The trick is training babies to stay asleep, which really means teaching them to return to sleep unassisted after they inevitably wake before they’re refreshed — which they will do multiple times during every nap and every night cycle. This is the textbook definition of healthy sleep.
Getting kids to achieve healthy sleep requires consistency. Consistent sleep environment, consistent sleep associations, consistent sleep cues, consistent soothing routines, and not least, consistent sleep schedule.
I have no idea how many people reading this have ever been in a pediatric ICU or a step-down unit, so I’ll assume the number is zero.
These places are zoos. Nurses and doctors running around, talking, machines beeping, parents playing Barney and Friends at Helen Keller volume in the bed next to your child’s.
The lights are the worst. The only foolproof way known to change sleep cycles is by changing light exposure. In the ICU, the default luminance in the open pods is staring-at-the-sun level; in the private rooms, the lights are still way too bright.
One of Jack’s nurses in the CCU told me that she regularly went around and turned on the lights above the kids’ beds because she didn’t think it was healthy for them to be sleeping so much.
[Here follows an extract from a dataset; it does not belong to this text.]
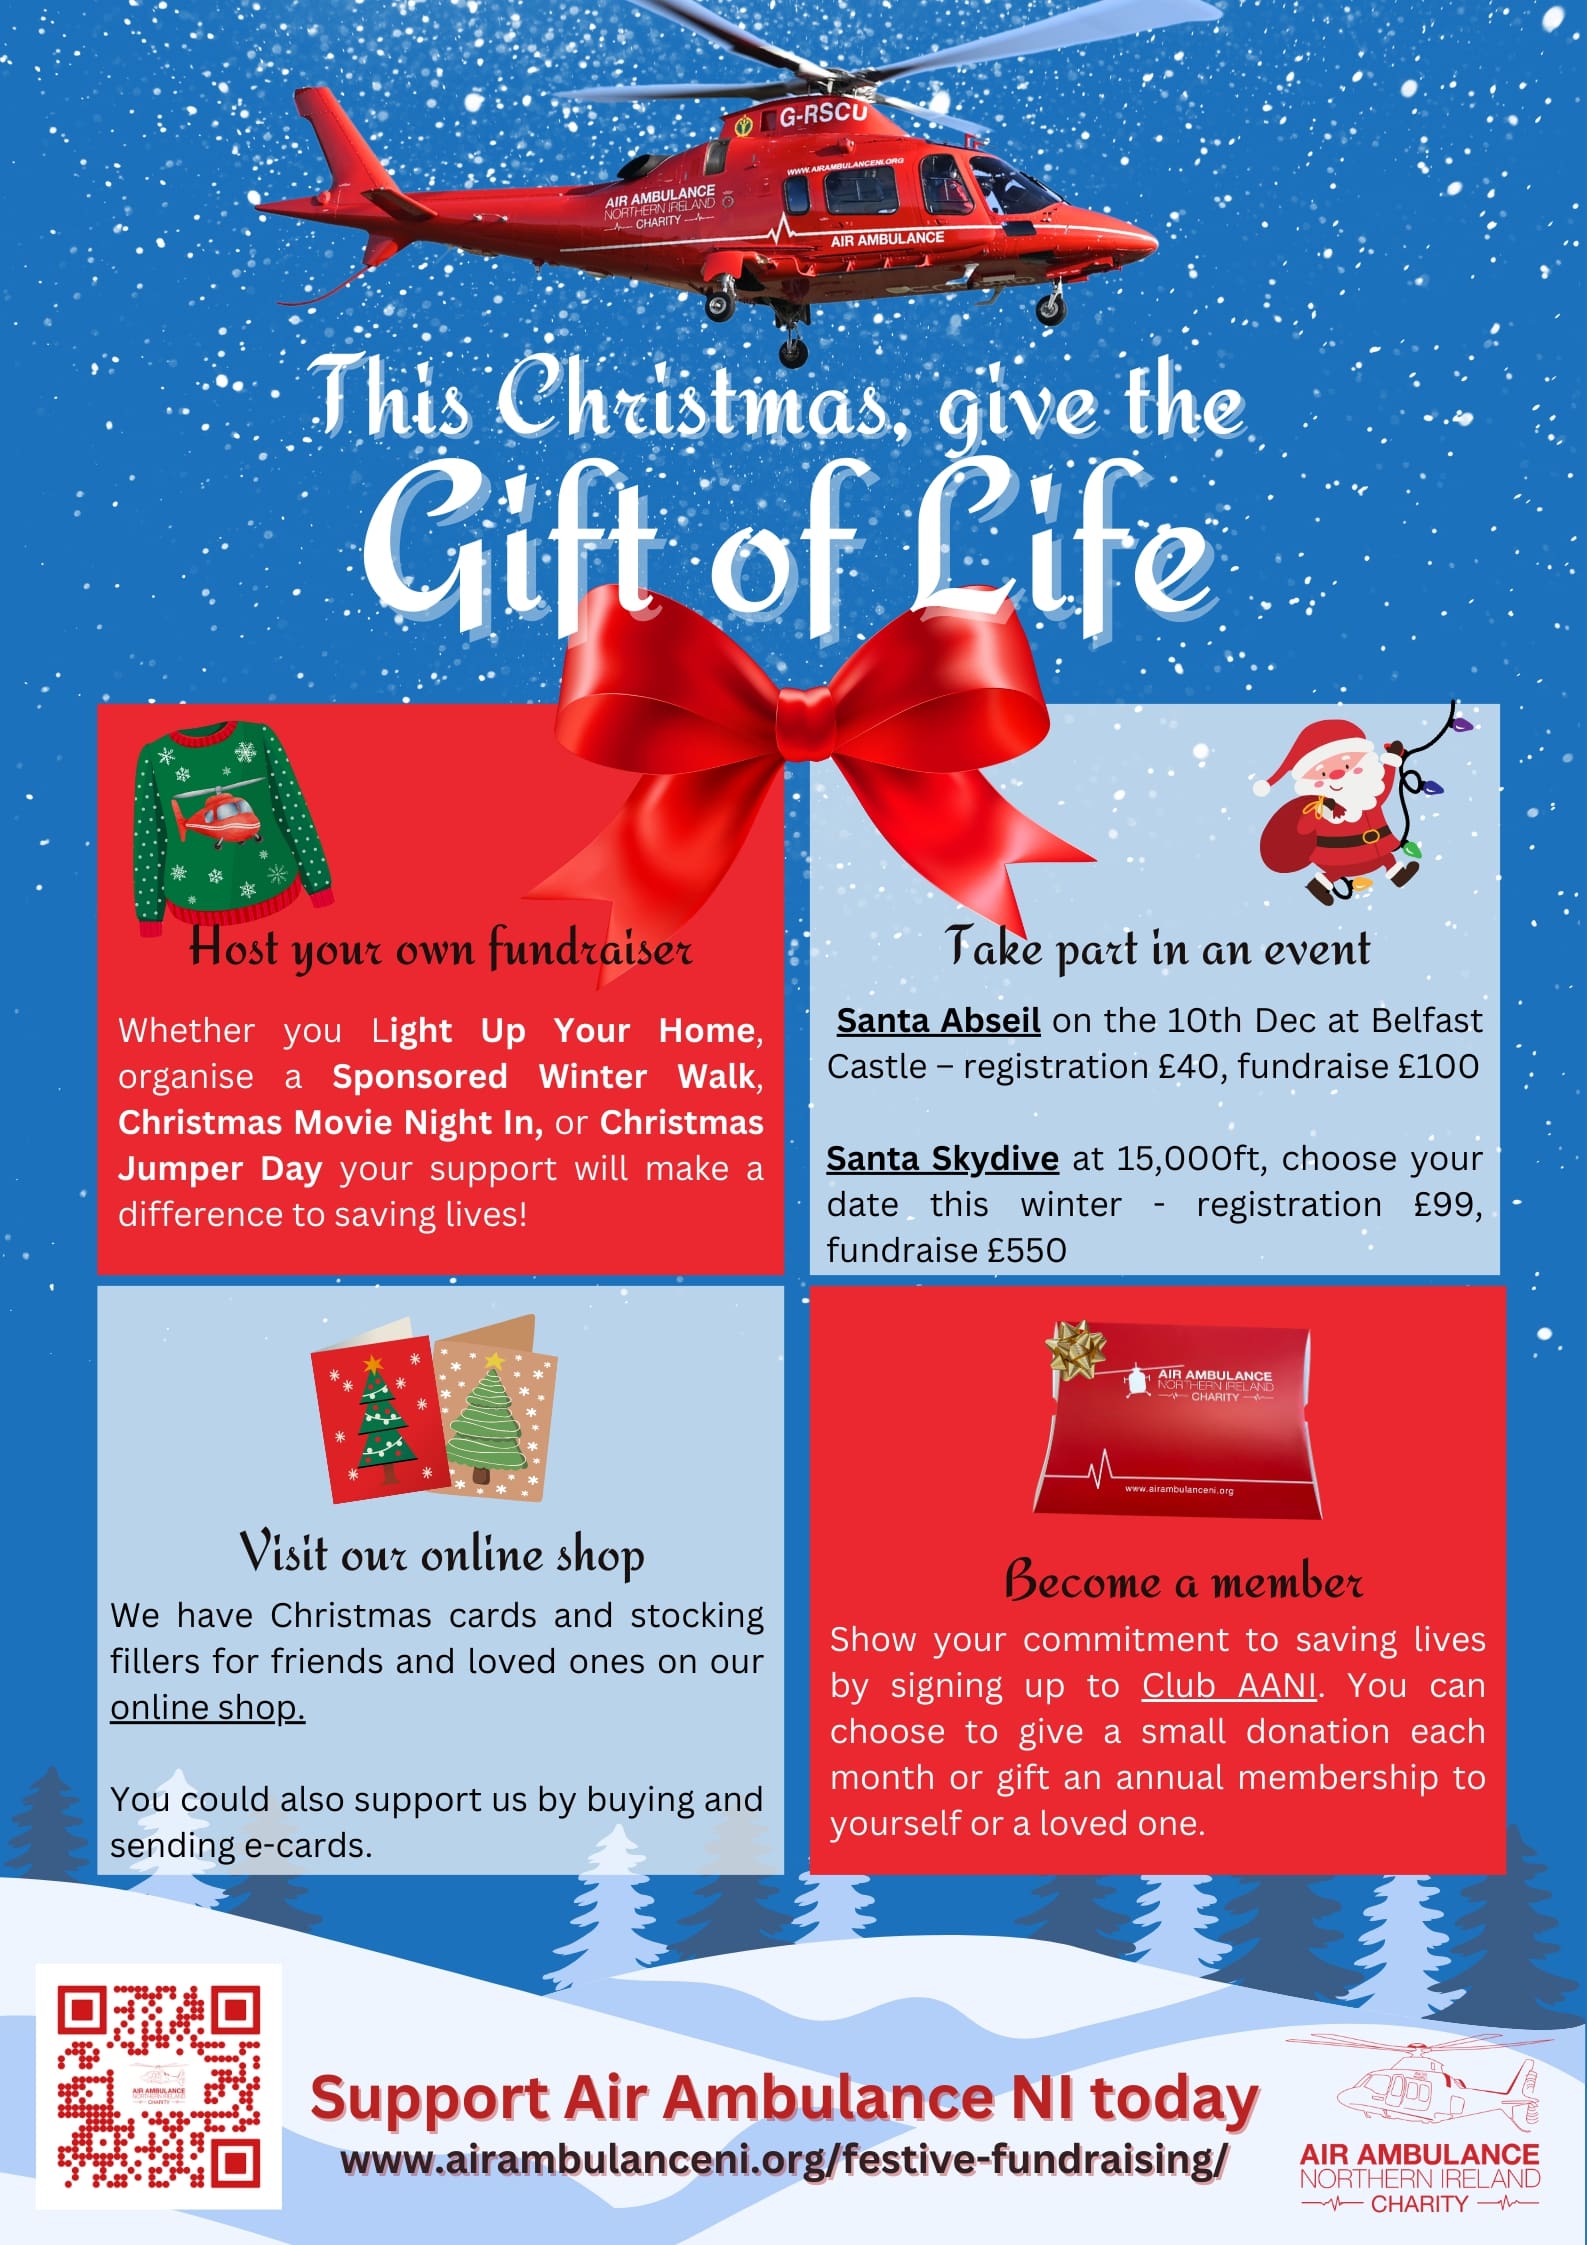 Air Ambulance appeals for the gift of life this Christmas!

Upshot: both times Jack has come home from the hospital it’s taken us weeks to unscrew the damage done to his sleep.
Nutrition. What’s so complicated about that? Jack’s a baby. He drinks breastmilk.
For medical reasons, Jack wasn’t given any nourishment for days after both surgeries. No breastmilk, no formula, no apple pie. Only intravenous nutritional supplements.
The result? His weight cratered after the first surgery. After the second surgery, his weight slumped, and then flatlined, and only picked up after we got him home.
Bear in mind that because Jack was three weeks preterm, he wasn’t a giant to begin with (something for which his mother expressed mixed gratitude). He was born in the 25th percentile for weight. After his second surgery, he fell off the chart entirely. He’s back on it, in the 1st percentile.
Even more than a normal baby, his health depends on him getting bigger. His intramural VSD, which was patched during his cath procedure in early January, appears to be staying the same size.
It’d be swell if it would just go away, but you have to take what you’re given. Best case is for the VSD to get smaller in relative terms, and for that to happen the Munch has to get munchier.
Which means we have keep feeding him like he’s three months younger than he actually is. Which is why I’m still awake at 1:12 AM to give him a dream feed.
We stopped giving the Woog dream feeds when he was like two months old, because we could. Ryan was a mountain of a baby. The Munch is still a morsel.